Наши поэты: Георгий Иванов. Ирина Одоевцева. Памяти Георгия Иванова | страница 2



Еще в Петербурге, до революции и даже до 1914 года, мне представлялось, что он весь в будущем и должен, как говорится, «найти себя». Самый воздух его стихов, особая и чудесная ладность их явно обещала нечто более значительное, чем тогдашние его темы и тот круг образов, которым он себя ограничивал. В многотомной советской «Истории русской литературы», обстоятельной и содержательной в своей чисто исторической части, но вздорной по отношению к современности, что-то сказано — на страницах об акмеизме — о фарфоровых чашках и безделушках, которые будто бы составляют предмет вдохновения Георгия Иванова. У меня нет книги под рукой, не могу процитировать точно, но за смысл ручаюсь. Конечно, фарфоровые безделушки — нарочитое преувеличение, тем более нелепое, что еще в России, до эмиграции, ивановские темы изменились, и составителям истории следовало бы об этом знать. Но действительно первые стихи Иванова — «Отплытие на остров Цитеру» и другие — были как-то нарядно и весело вещественны, без всякого прорыва в области иные. Отчасти это, может быть, и восхитило в них Гумилева, тогда начинавшего борьбу со всякими туманами и мистически расплывчатой тоской о недостижимом. Должно было восхитить его, впрочем, и то, к чему он был особенно чувствителен: безошибочность напева, возникновение поэзии именно из напева, независимо от логического содержания фразы, а вовсе не из поэтичности замысла. Стихи Иванова были вполне земными стихами, но ils creusaient le ciel — формула Бодлера: «la poesie le ciel» [1] — безотчетно и все очевиднее, нежели многие из тех стихов, где только о небе и говорится.

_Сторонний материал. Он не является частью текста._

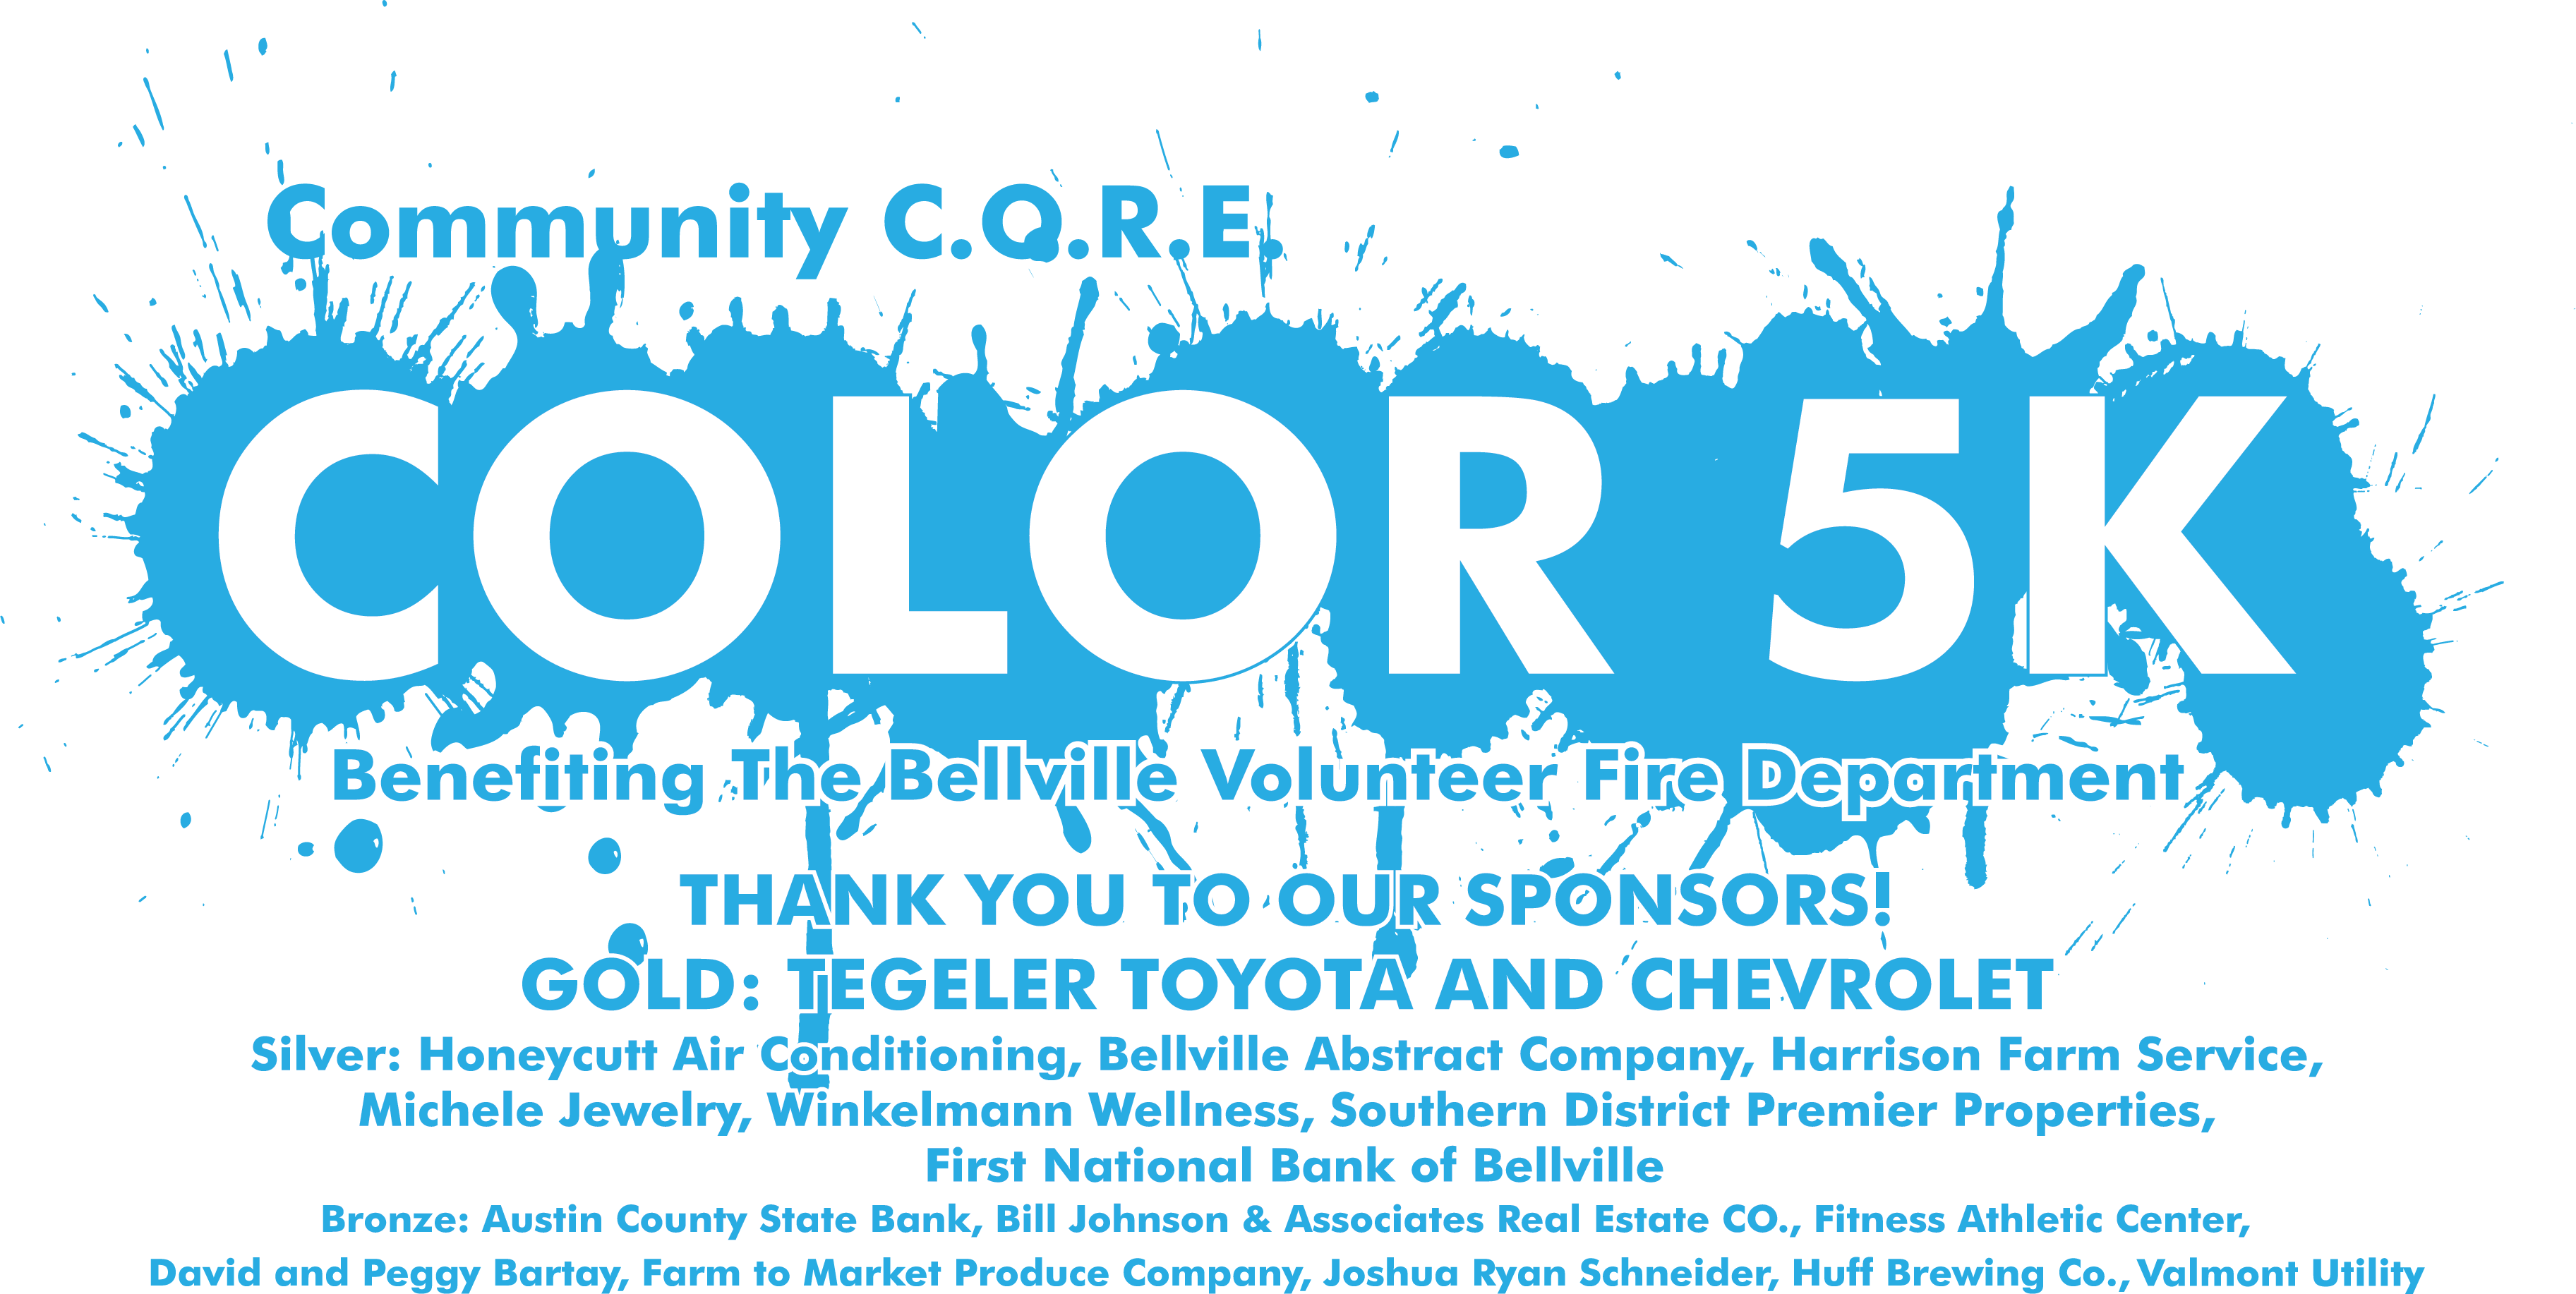 community core 5k 2017

Вспоминаю сравнение. В те годы авиация была еще новинкой, и мы, в сущности, еще детьми, ездили весенними вечерами на какой-то пригородный аэродром, — кажется. Коломяжское шоссе — любоваться полетами смельчаков, кружившихся невысоко над землей на своих хрупких аппаратах с полотняными, большей частью двойными крыльями. Упадет или не упадет? Уверенности не было. Казалось, каждую минуту может упасть, и, если в отдалении пролетала птица, сразу угадывалась разница: птица упасть не может. Даже большие поэты не всегда в стихах своих дают почувствовать, что не сорвутся, не упадут, не исказят ритма, не подменят органически спаянной строфы словесной толчеей, которую можно счесть стихами лишь в силу наличия рифм и размера. У Иванова страховка от срыва всегда подразумевалась сама собой: он был птицей, а не машиной, в которой тут надо было бы что-то смазать, там подвинтить и скрепить. В горьковском афоризме хотелось, читая и в особенности слушая Иванова, сделать перестановку: «рожденный летать ползать не может».